33                  The Tribunal then posed for itself the question, "Why would the applicant not have mentioned that only months previously (as claimed in the declaration and at hearing), he had been kidnapped and held for ransom? Why would he not have mentioned any of the other serious matters referred to in his declaration, such as the attack on his sister?". The Tribunal went on to say that it considered that this was because these events did not happen.

34                  The Tribunal said that it was prepared to accept that what the applicant had first said in his application was an accurate recounting of what had happened up until that time, but that the Tribunal considered that his later account of happenings was "fabricated and exaggerated". It followed, the Tribunal said, that the documents presented by him, such as the one from his local press club president referring to his kidnapping, "ha[d] been written with a view to this fabrication and exaggeration".

35                  The Tribunal went on to find that the applicant's account of his history in respect to Bangladesh and to what occurred to him is, "exaggerated and that in this respect he was not a credible witness". The Tribunal went on to say, "I find that his evidence of matters which occurred after his first application, such as his father being attacked, is not reliable".

36                  In relation to the letters from the non-Muslim group and from the local press club, the Tribunal found that, although four years apart, they had been copied from somewhere. The Tribunal said that the later letters, that is to say the letters dated in the year 2000, are near replicas of the earlier ones dated 1996. The Tribunal said:

“It is apparent to me that they have been, in the light of my above findings, affected by the applicant's exaggeration of his history. I place little weight on them. I notice the letters from the [non-Muslim group] refer to him as an active member. That is not true, even on his evidence and is a further reflection of their unreliability.”


37                  The Tribunal said that it was prepared to accept that the applicant was called derogatory names at school, and that he and some friends had formed a Hindu group which had operated on a low level basis for a few years, and that he had had an association with the non-Muslim group. However, the Tribunal said that it did not accept that this was anything significant, nor that the applicant was a member of that organisation.

38                  The Tribunal stated that it did accept that during the communal disturbances, the applicant had been badly injured by Muslims bent on destruction of the local Kali temple, and that the applicant had required treatment for his injuries. The Tribunal stated that it further accepted that the applicant's brother had been attacked and shot at by Muslims.

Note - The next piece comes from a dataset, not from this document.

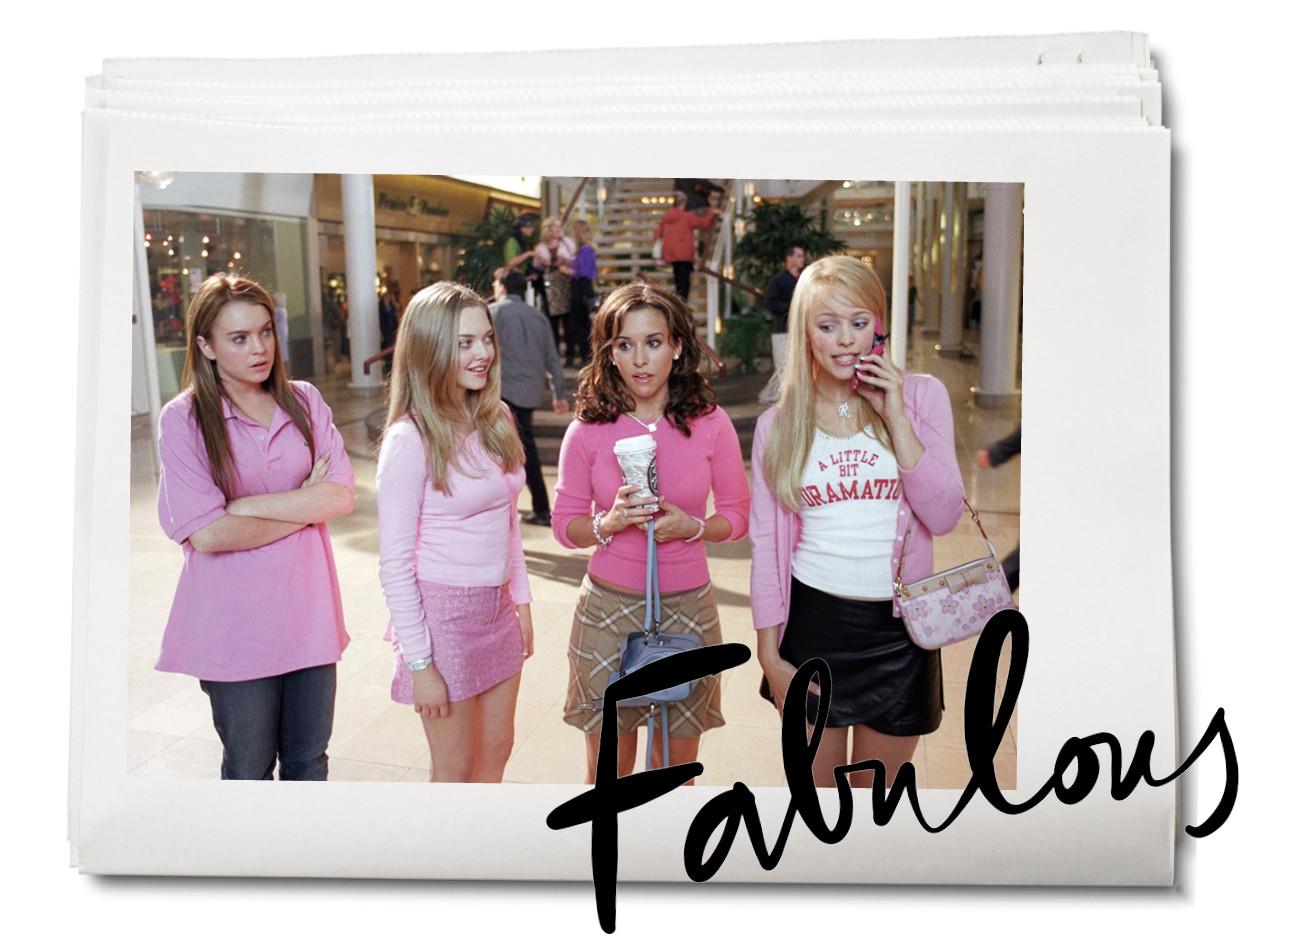 3 meiden uit de film mean girls

39                  The Tribunal noted the applicant's claim that in late 1992 the applicant had been involved in a skirmish in the lead up to the mosque incident, which in turn involved a conflict between Muslims and Hindus. The Tribunal noted further the claim that the applicant feared that Muslim groups may harm him. The Tribunal found that the independent evidence indicated that Hindus in Bangladesh can suffer some discrimination but that the government acts quickly to curb any problems, the view of the government (and the general view of the people) is , generally speaking, of a secular kind, that the particular Muslim group in question have little electoral support, and that people are able to live their lives and practice their religion with little difficulty.

40                  The Tribunal said:

“Neither the name calling, nor the two incidents which I accept occurred, are individually, nor on an accumulative basis, of such seriousness as to constitute persecution within the meaning of the Convention. I do not accept that the applicant would face any harm on account of his religion, nor resulting from either of the two accepted incidents if he were to return to Bangladesh in the reasonably foreseeable future.”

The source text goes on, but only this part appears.